PROMPT
Print the following entries without any change.
MATERIAL SUPPLIED below:
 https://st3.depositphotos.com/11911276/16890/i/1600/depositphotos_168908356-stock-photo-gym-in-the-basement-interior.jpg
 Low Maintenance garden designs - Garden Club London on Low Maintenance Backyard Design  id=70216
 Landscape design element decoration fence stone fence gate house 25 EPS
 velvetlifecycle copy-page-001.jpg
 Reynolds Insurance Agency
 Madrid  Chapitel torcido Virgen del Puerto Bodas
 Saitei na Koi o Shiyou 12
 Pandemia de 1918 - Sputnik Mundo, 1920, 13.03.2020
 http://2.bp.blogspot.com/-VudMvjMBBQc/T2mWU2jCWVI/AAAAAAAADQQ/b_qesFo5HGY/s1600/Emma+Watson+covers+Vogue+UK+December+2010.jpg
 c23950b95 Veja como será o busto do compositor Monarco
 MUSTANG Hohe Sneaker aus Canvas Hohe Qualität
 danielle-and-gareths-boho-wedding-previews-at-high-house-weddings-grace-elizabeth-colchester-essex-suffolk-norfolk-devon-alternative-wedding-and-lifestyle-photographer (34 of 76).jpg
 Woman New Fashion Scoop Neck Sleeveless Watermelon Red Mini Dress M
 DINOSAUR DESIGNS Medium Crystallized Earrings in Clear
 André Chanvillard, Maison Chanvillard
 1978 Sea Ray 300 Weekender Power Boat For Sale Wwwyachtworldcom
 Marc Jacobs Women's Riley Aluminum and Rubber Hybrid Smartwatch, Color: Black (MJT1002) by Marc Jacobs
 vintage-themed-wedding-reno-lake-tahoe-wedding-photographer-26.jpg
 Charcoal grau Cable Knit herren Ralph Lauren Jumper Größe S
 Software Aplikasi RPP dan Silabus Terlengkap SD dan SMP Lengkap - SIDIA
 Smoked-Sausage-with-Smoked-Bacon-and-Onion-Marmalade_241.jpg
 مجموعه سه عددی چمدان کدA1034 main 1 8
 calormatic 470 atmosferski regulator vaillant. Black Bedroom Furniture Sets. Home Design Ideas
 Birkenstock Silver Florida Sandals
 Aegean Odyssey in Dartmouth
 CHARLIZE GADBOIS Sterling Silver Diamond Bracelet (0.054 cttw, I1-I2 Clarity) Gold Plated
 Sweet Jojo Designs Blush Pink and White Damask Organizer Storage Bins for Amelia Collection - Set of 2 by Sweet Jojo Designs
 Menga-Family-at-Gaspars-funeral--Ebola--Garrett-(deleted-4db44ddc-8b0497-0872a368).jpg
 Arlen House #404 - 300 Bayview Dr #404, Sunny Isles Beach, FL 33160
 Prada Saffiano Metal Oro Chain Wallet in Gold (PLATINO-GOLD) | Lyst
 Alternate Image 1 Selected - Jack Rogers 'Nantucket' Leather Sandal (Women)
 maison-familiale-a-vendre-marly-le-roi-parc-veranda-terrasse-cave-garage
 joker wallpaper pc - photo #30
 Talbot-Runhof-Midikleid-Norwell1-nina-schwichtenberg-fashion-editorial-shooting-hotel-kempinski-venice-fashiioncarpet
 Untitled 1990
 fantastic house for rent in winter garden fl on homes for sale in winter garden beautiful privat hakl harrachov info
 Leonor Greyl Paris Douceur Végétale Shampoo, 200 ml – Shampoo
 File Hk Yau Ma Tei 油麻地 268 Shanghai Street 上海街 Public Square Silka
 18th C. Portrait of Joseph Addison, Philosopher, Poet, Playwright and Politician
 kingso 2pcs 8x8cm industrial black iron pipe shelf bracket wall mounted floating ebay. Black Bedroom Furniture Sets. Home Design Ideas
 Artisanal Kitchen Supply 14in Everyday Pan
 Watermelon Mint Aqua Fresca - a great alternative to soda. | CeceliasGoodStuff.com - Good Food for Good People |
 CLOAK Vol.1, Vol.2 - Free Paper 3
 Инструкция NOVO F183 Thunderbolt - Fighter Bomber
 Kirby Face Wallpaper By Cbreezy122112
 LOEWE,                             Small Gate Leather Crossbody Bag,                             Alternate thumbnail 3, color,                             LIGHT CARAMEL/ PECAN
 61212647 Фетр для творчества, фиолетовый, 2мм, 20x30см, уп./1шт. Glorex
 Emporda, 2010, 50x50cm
End of MATERIAL SUPPLIED.
WORKED SOLUTION
 https://st3.depositphotos.com/11911276/16890/i/1600/depositphotos_168908356-stock-photo-gym-in-the-basement-interior.jpg
 Low Maintenance garden designs - Garden Club London on Low Maintenance Backyard Design  id=70216
 Landscape design element decoration fence stone fence gate house 25 EPS
 velvetlifecycle copy-page-001.jpg
 Reynolds Insurance Agency
 Madrid  Chapitel torcido Virgen del Puerto Bodas
 Saitei na Koi o Shiyou 12
 Pandemia de 1918 - Sputnik Mundo, 1920, 13.03.2020
 http://2.bp.blogspot.com/-VudMvjMBBQc/T2mWU2jCWVI/AAAAAAAADQQ/b_qesFo5HGY/s1600/Emma+Watson+covers+Vogue+UK+December+2010.jpg
 c23950b95 Veja como será o busto do compositor Monarco
 MUSTANG Hohe Sneaker aus Canvas Hohe Qualität
 danielle-and-gareths-boho-wedding-previews-at-high-house-weddings-grace-elizabeth-colchester-essex-suffolk-norfolk-devon-alternative-wedding-and-lifestyle-photographer (34 of 76).jpg
 Woman New Fashion Scoop Neck Sleeveless Watermelon Red Mini Dress M
 DINOSAUR DESIGNS Medium Crystallized Earrings in Clear
 André Chanvillard, Maison Chanvillard
 1978 Sea Ray 300 Weekender Power Boat For Sale Wwwyachtworldcom
 Marc Jacobs Women's Riley Aluminum and Rubber Hybrid Smartwatch, Color: Black (MJT1002) by Marc Jacobs
 vintage-themed-wedding-reno-lake-tahoe-wedding-photographer-26.jpg
 Charcoal grau Cable Knit herren Ralph Lauren Jumper Größe S
 Software Aplikasi RPP dan Silabus Terlengkap SD dan SMP Lengkap - SIDIA
 Smoked-Sausage-with-Smoked-Bacon-and-Onion-Marmalade_241.jpg
 مجموعه سه عددی چمدان کدA1034 main 1 8
 calormatic 470 atmosferski regulator vaillant. Black Bedroom Furniture Sets. Home Design Ideas
 Birkenstock Silver Florida Sandals
 Aegean Odyssey in Dartmouth
 CHARLIZE GADBOIS Sterling Silver Diamond Bracelet (0.054 cttw, I1-I2 Clarity) Gold Plated
 Sweet Jojo Designs Blush Pink and White Damask Organizer Storage Bins for Amelia Collection - Set of 2 by Sweet Jojo Designs
 Menga-Family-at-Gaspars-funeral--Ebola--Garrett-(deleted-4db44ddc-8b0497-0872a368).jpg
 Arlen House #404 - 300 Bayview Dr #404, Sunny Isles Beach, FL 33160
 Prada Saffiano Metal Oro Chain Wallet in Gold (PLATINO-GOLD) | Lyst
 Alternate Image 1 Selected - Jack Rogers 'Nantucket' Leather Sandal (Women)
 maison-familiale-a-vendre-marly-le-roi-parc-veranda-terrasse-cave-garage
 joker wallpaper pc - photo #30
 Talbot-Runhof-Midikleid-Norwell1-nina-schwichtenberg-fashion-editorial-shooting-hotel-kempinski-venice-fashiioncarpet
 Untitled 1990
 fantastic house for rent in winter garden fl on homes for sale in winter garden beautiful privat hakl harrachov info
 Leonor Greyl Paris Douceur Végétale Shampoo, 200 ml – Shampoo
 File Hk Yau Ma Tei 油麻地 268 Shanghai Street 上海街 Public Square Silka
 18th C. Portrait of Joseph Addison, Philosopher, Poet, Playwright and Politician
 kingso 2pcs 8x8cm industrial black iron pipe shelf bracket wall mounted floating ebay. Black Bedroom Furniture Sets. Home Design Ideas
 Artisanal Kitchen Supply 14in Everyday Pan
 Watermelon Mint Aqua Fresca - a great alternative to soda. | CeceliasGoodStuff.com - Good Food for Good People |
 CLOAK Vol.1, Vol.2 - Free Paper 3
 Инструкция NOVO F183 Thunderbolt - Fighter Bomber
 Kirby Face Wallpaper By Cbreezy122112
 LOEWE,                             Small Gate Leather Crossbody Bag,                             Alternate thumbnail 3, color,                             LIGHT CARAMEL/ PECAN
 61212647 Фетр для творчества, фиолетовый, 2мм, 20x30см, уп./1шт. Glorex
 Emporda, 2010, 50x50cm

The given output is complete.